A little more than 26,000 years ago, a sleeping giant at the center of our galaxy suddenly awoke, spewed several pulses of X-rays and went back into hibernation.
That’s the conclusion of a long-term X-ray study of large gas clouds near the Milky Way’s central, supermassive black hole — a 4-million-solar-mass monster dubbed Sagittarius A*. Data collected from four spacecraft between 1994 and 2005 show that X-ray pulses, apparently shot into space by material just before it spiraled into the central black hole, caused the clouds to rapidly fluoresce and then fade. The intensity of the brightening suggests that the black hole, which now appears unusually quiescent, was once much more active. Material caught in its grip glowed a million times more brightly at X-ray wavelengths and may have been one of the brightest X-ray sources in the sky.

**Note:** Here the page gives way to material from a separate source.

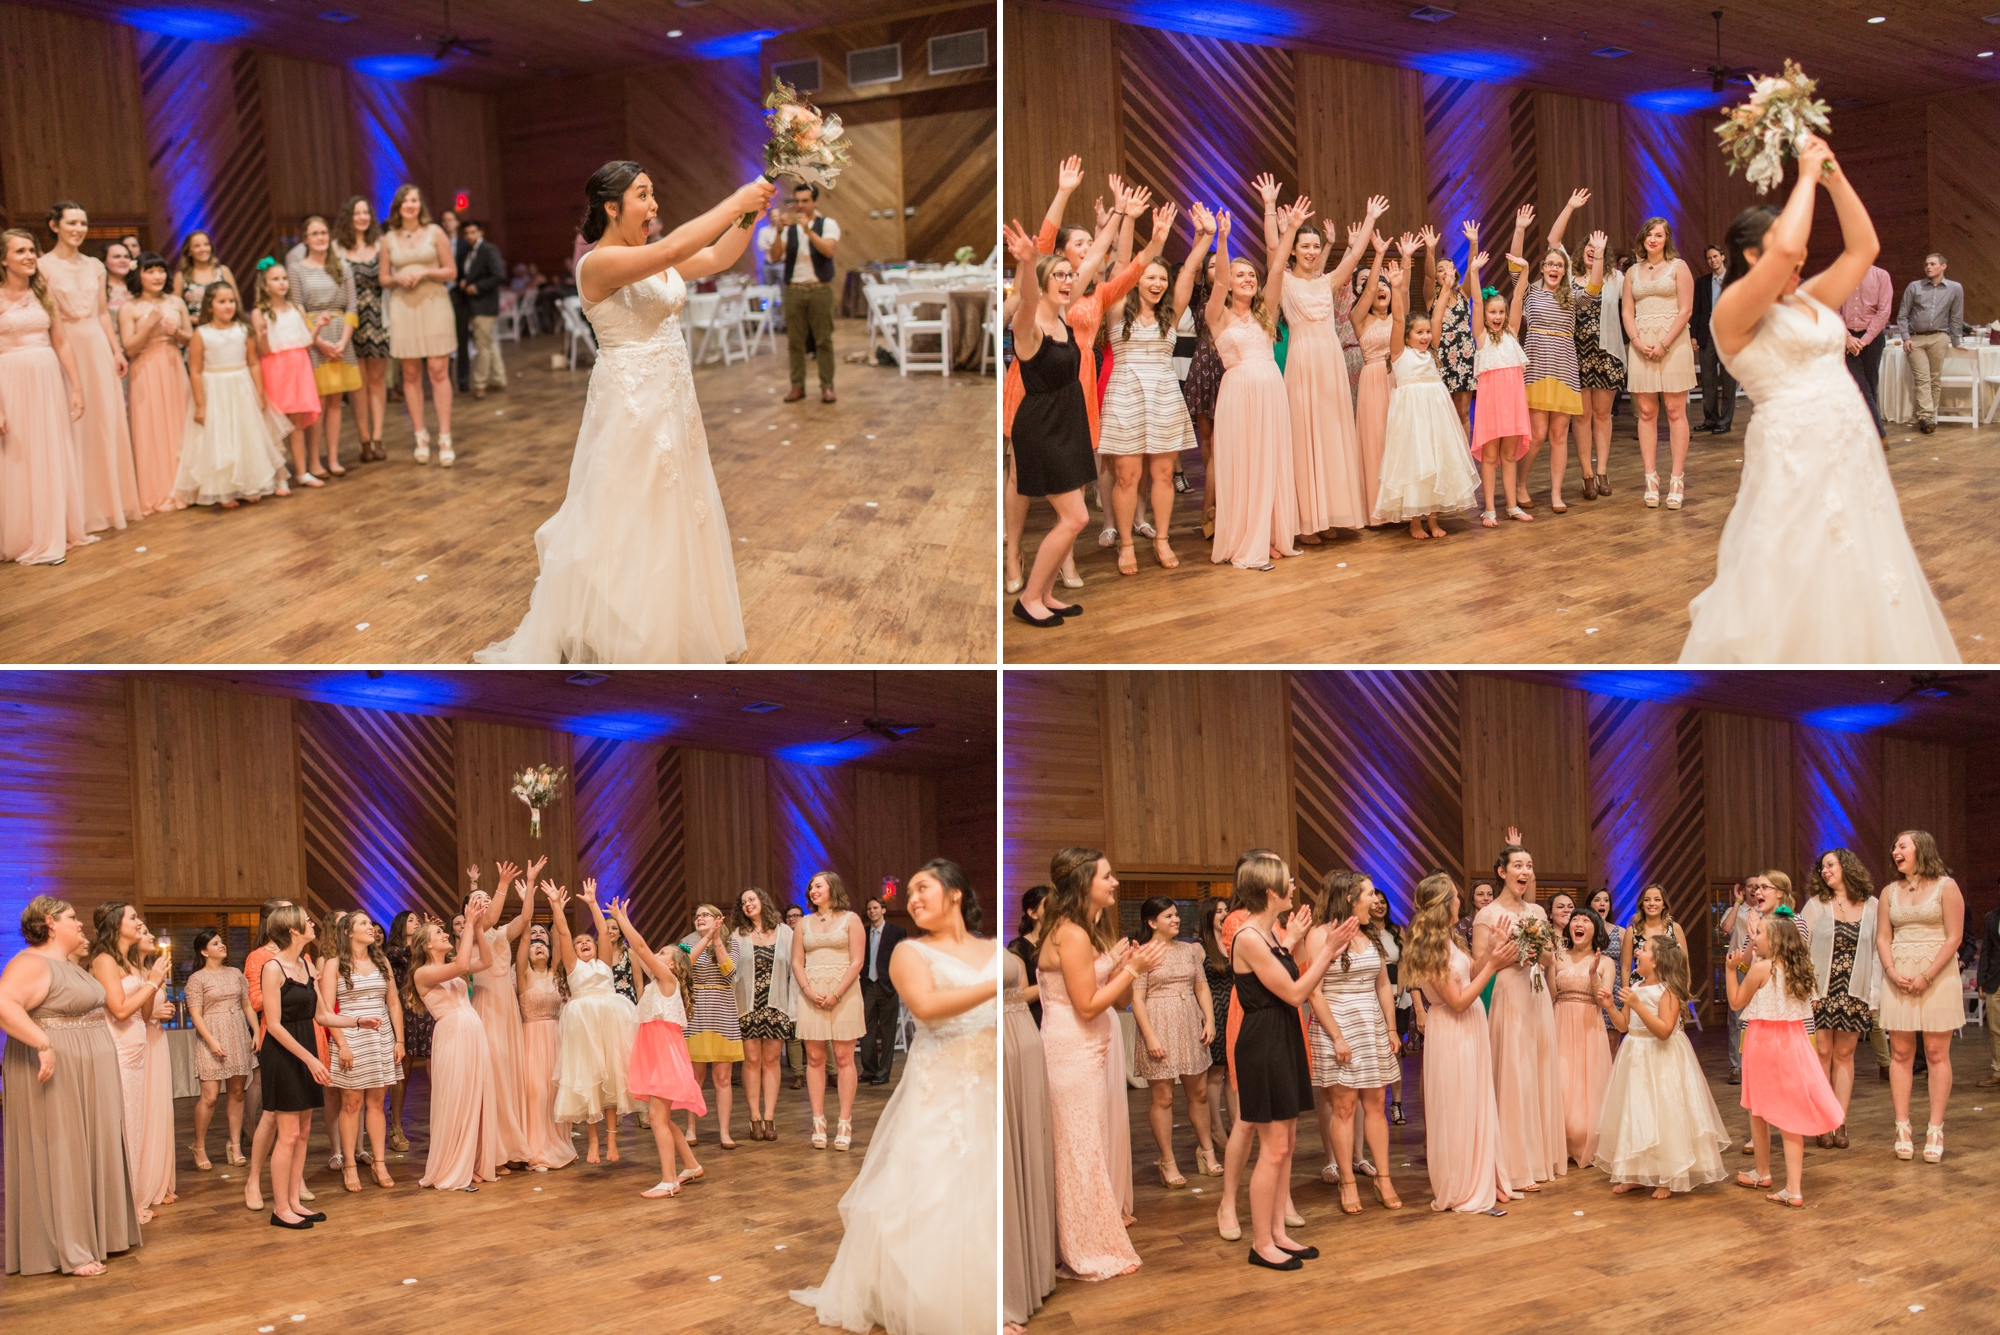 giles wedding blog 48.jpg

Because the clouds lie 300 light-years from the black hole, their fluorescence reveals the activity of the supermassive black hole 300 years earlier in time, notes Katsuji Koyama of Kyoto University in Japan.
Koyama and his Kyoto colleagues report the findings in an upcoming Publications of the Astronomical Society of Japan.
Spacecraft including NASA’s Chandra X-ray Observatory had previously found similar hints that our galaxy’s central black hole was once more active. But it took Japan’s Suzaku X-ray observatory to prove that the clouds near the black hole had temporarily brightened due to fluorescence, a process in which atoms — iron atoms in this case — generate X-rays almost immediately in response to an incoming X-ray pulse. The quick response proves that the brightening of the clouds traces the most recent activity of the supermassive black hole, rather than activity that may have occurred up to thousands of years earlier.
Astronomers see the region around the black hole as it appeared 26,000 years ago, since the galaxy’s center lies 26,000 light-years from Earth.
It’s still a mystery why the Milky Way’s central black hole is one of the most quiescent known and why the giant suddenly — but fleetingly — increased its X-ray output in the recent past. One possibility is that it went on a feeding frenzy, gorging on a temporary surplus of gas. This increase in food supply might have been created when a nearby supernova explosion hurled gas toward the black hole, suggests X-ray astronomer Richard Mushotzky of NASA’s Goddard Space Flight Center in Greenbelt, Md. He notes that as astronomers attempt to examine X-ray fluorescence from clouds that lie even farther from the supermassive black hole, they may be able to probe the activity of the giant even farther back in time.